■ **GOAL OF THE EXERCISE**
I'd like the data below restated word for word, with the pictures left out.

■ **RECORDED DATA**
------------

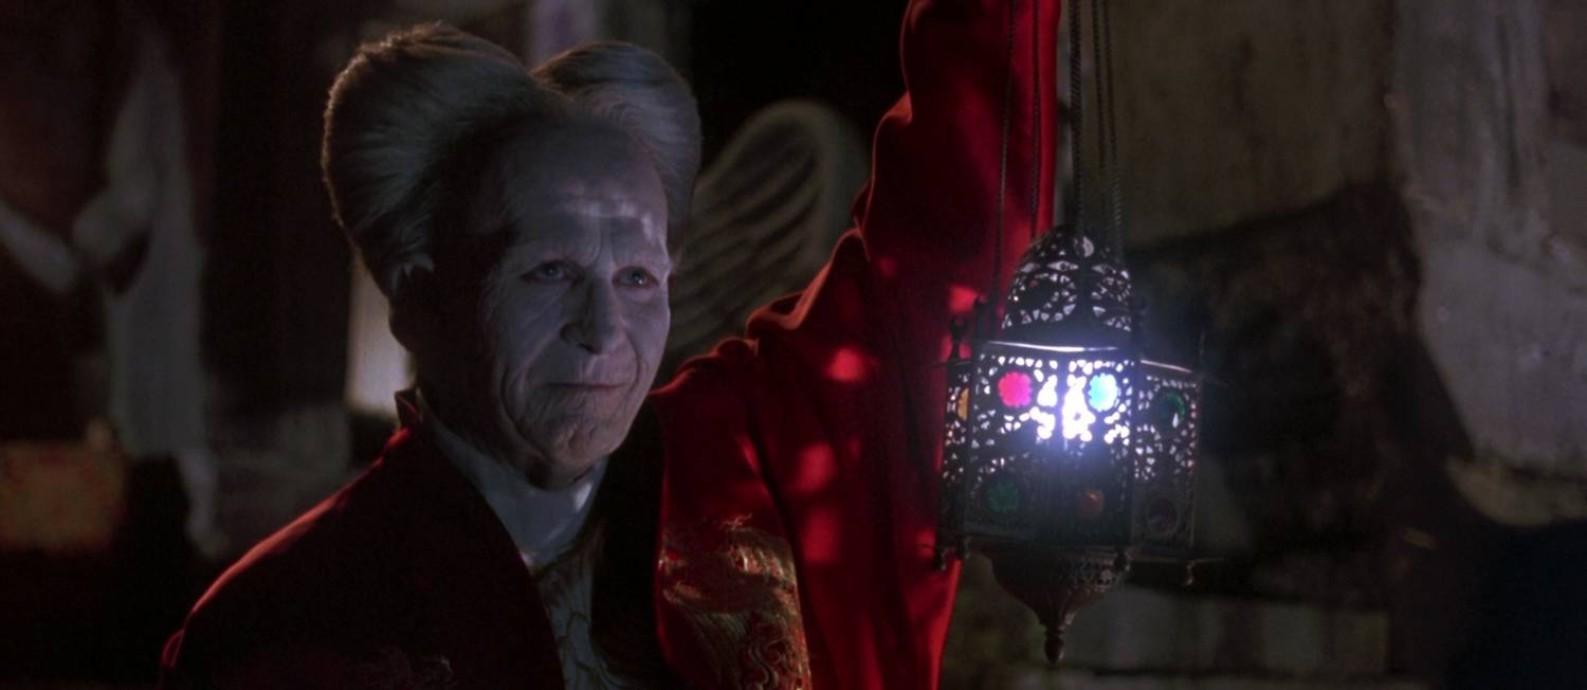 Cena do filme 'Drácula de Bram Stoker'. Foto: Divulgação
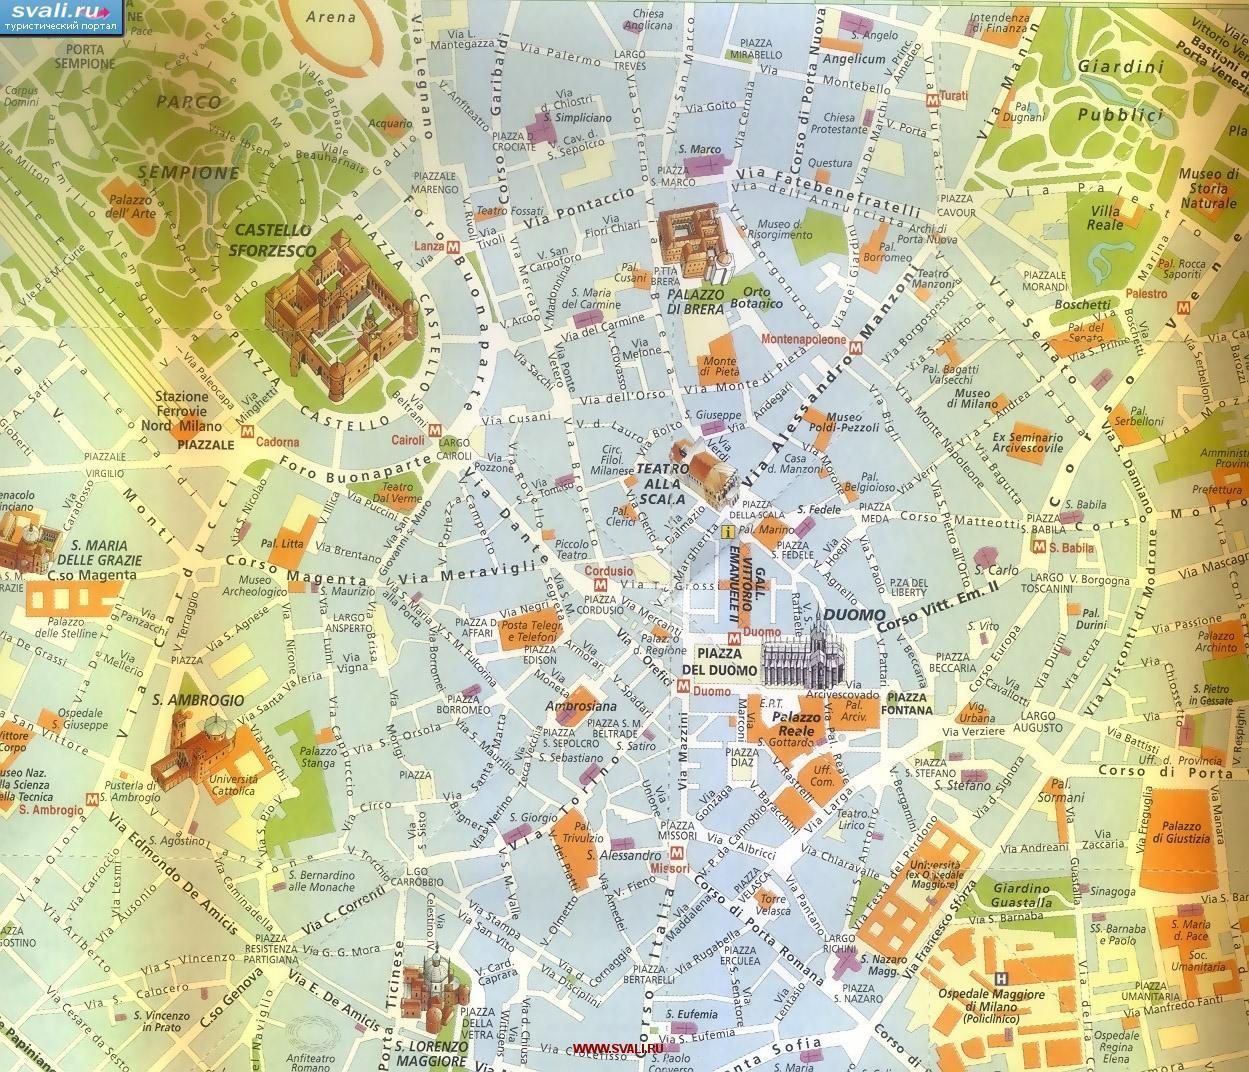 Karty Karta Centra Milana S Dostoprimechatelnostyami Italiya
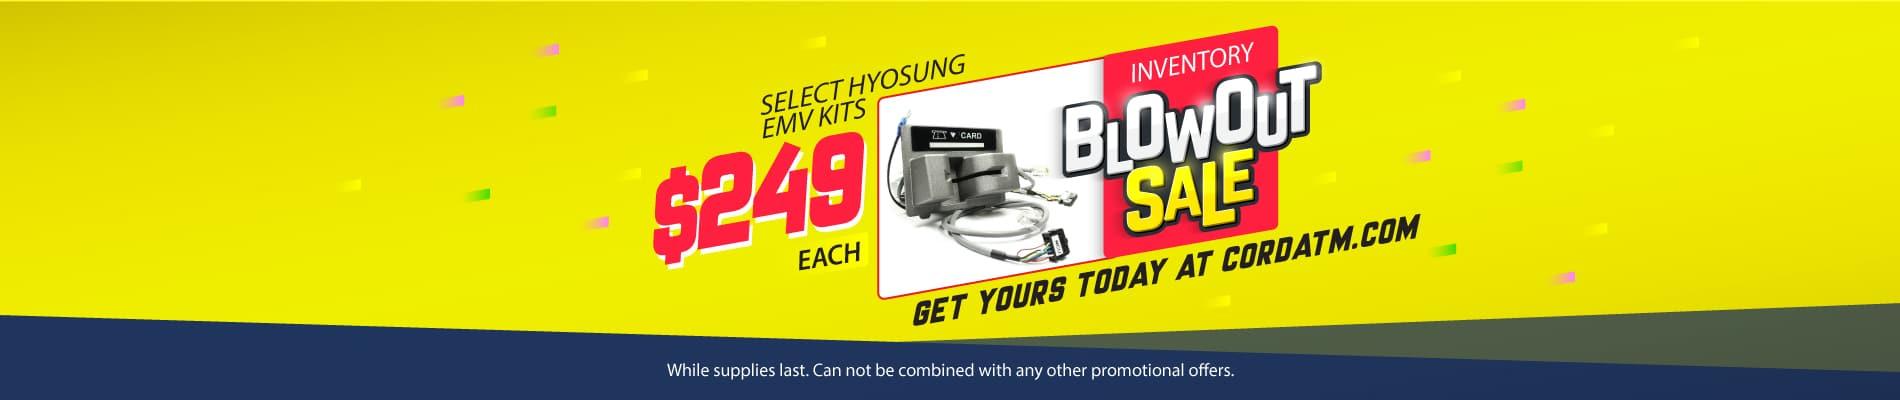 CORDatm.com - EMV Kit BlowOut Sale
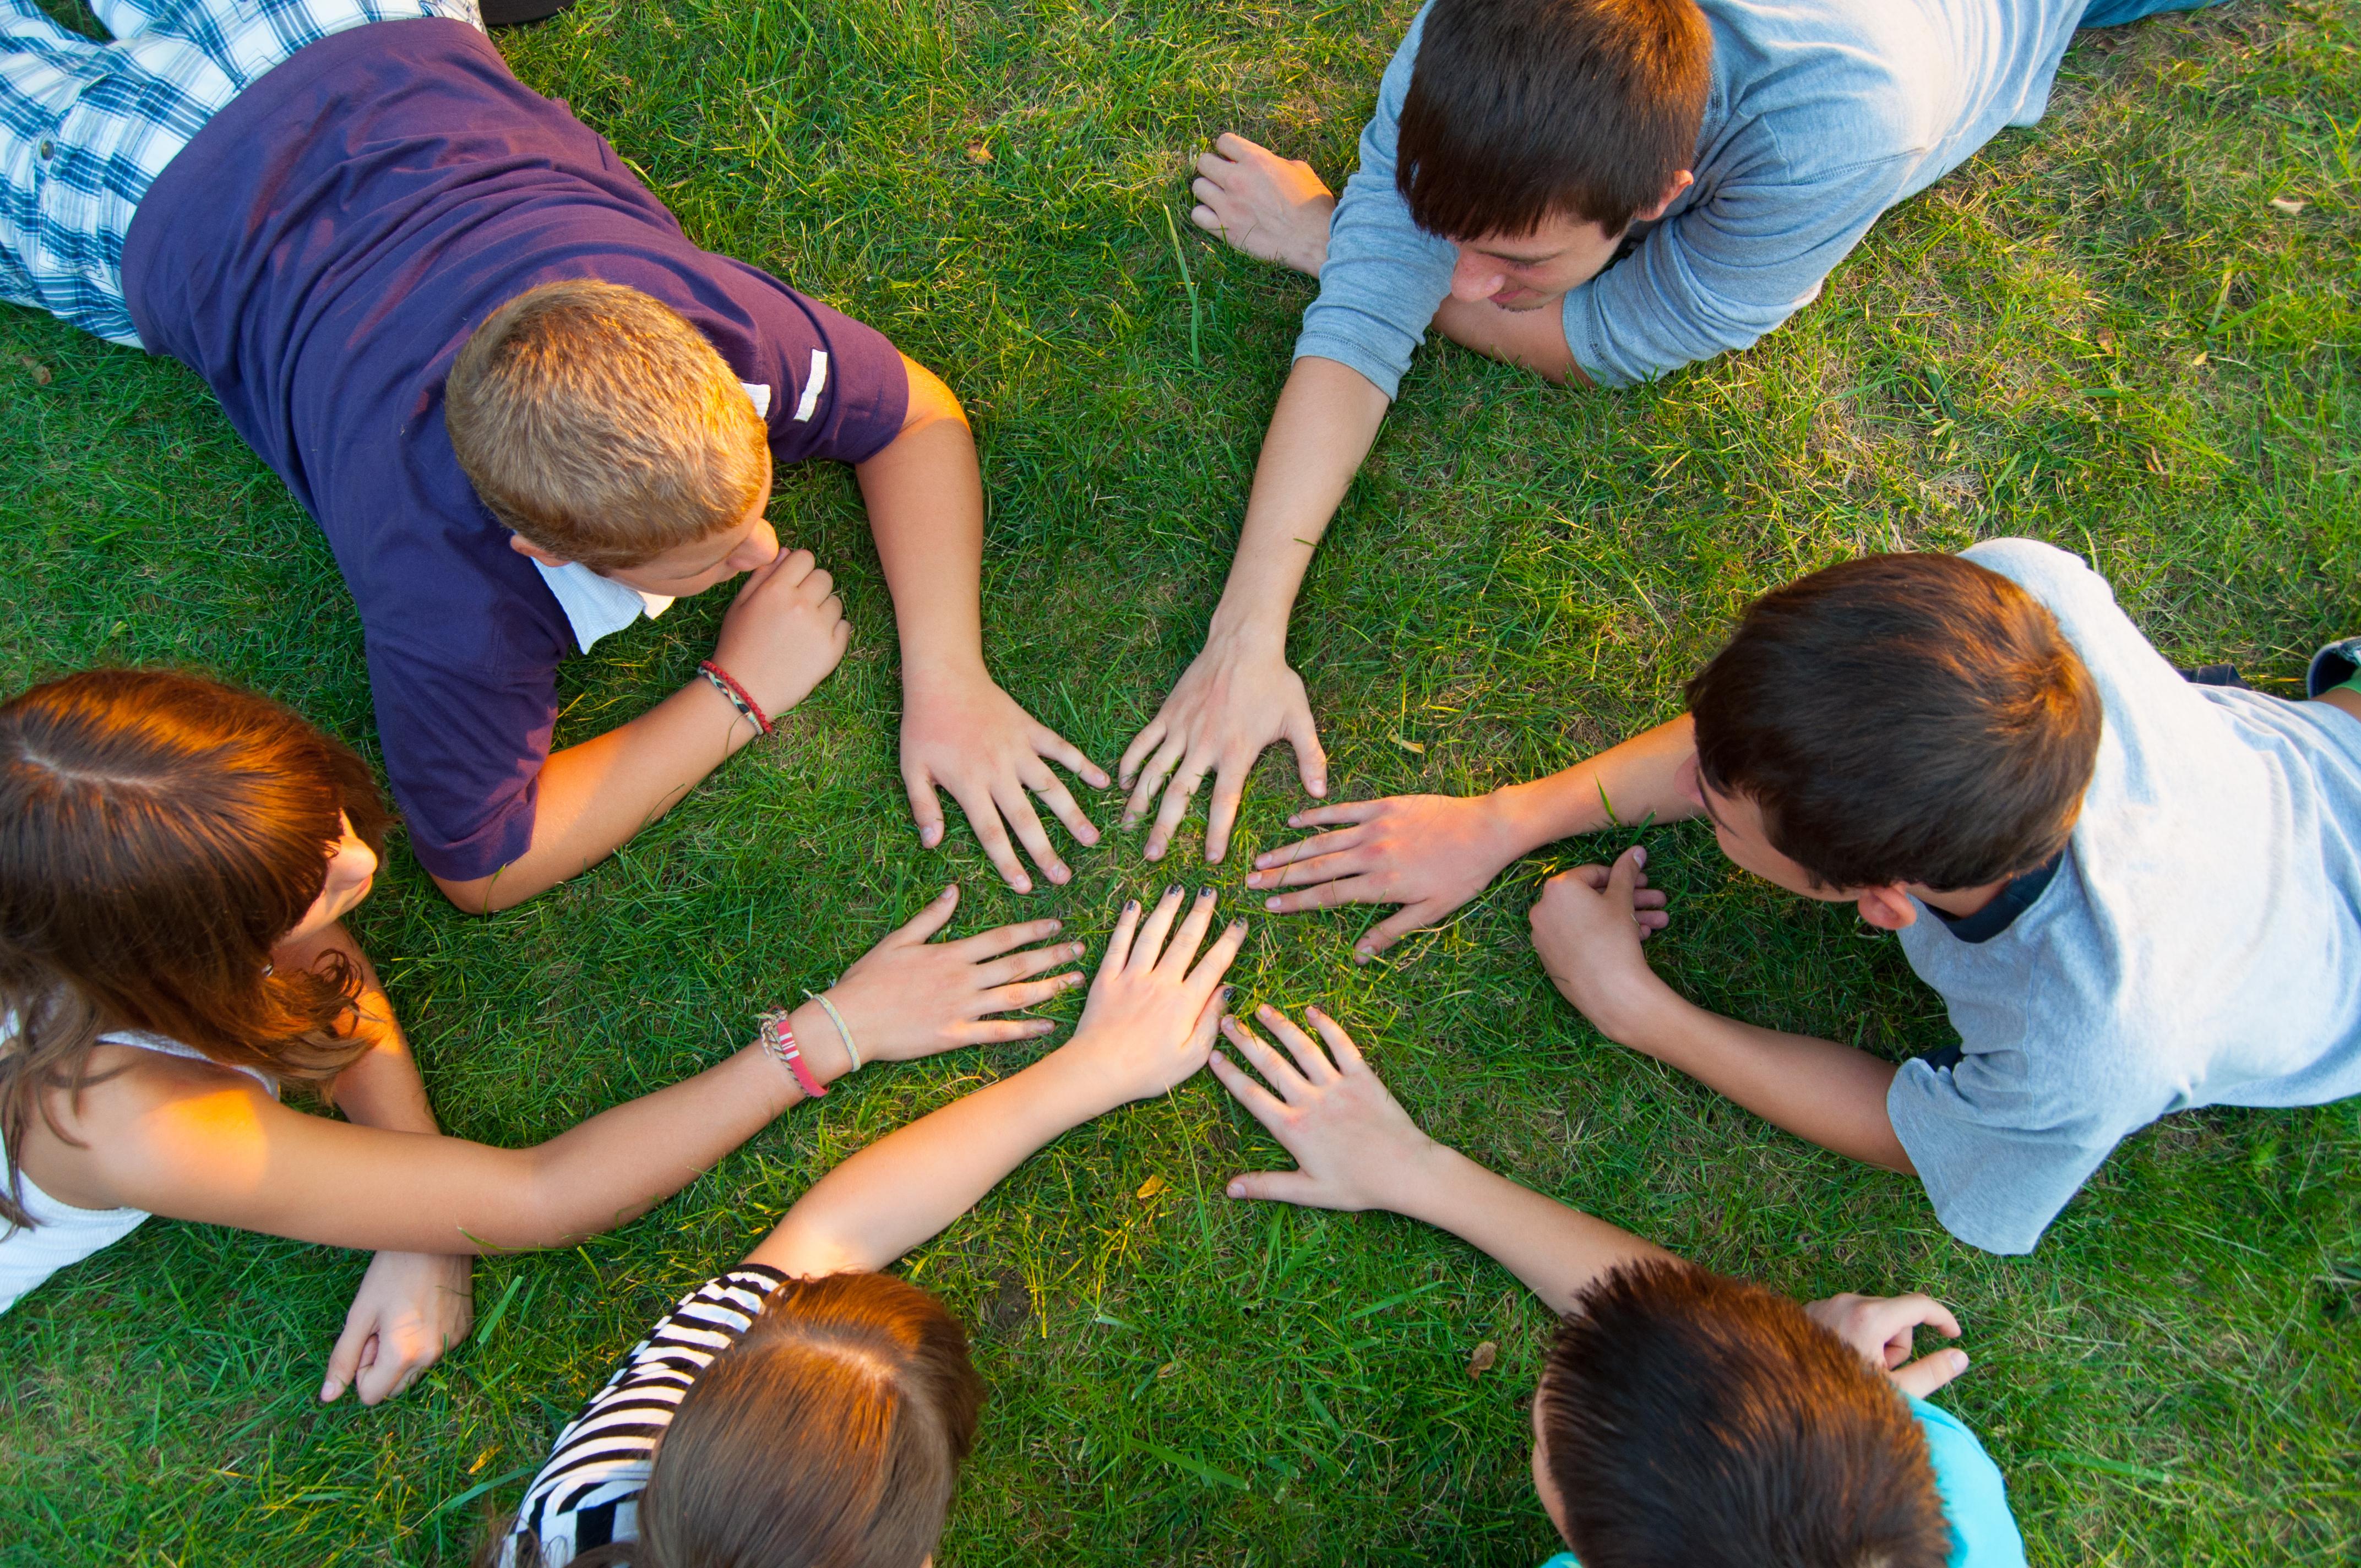 6 nuorta makoilee nurmikolla ringissä. Kaikilla käsi ringin keskellä.

------------

■ **ANSWER TO THE EXERCISE**
 Cena do filme 'Drácula de Bram Stoker'. Foto: Divulgação
 Karty Karta Centra Milana S Dostoprimechatelnostyami Italiya
 CORDatm.com - EMV Kit BlowOut Sale
 6 nuorta makoilee nurmikolla ringissä. Kaikilla käsi ringin keskellä.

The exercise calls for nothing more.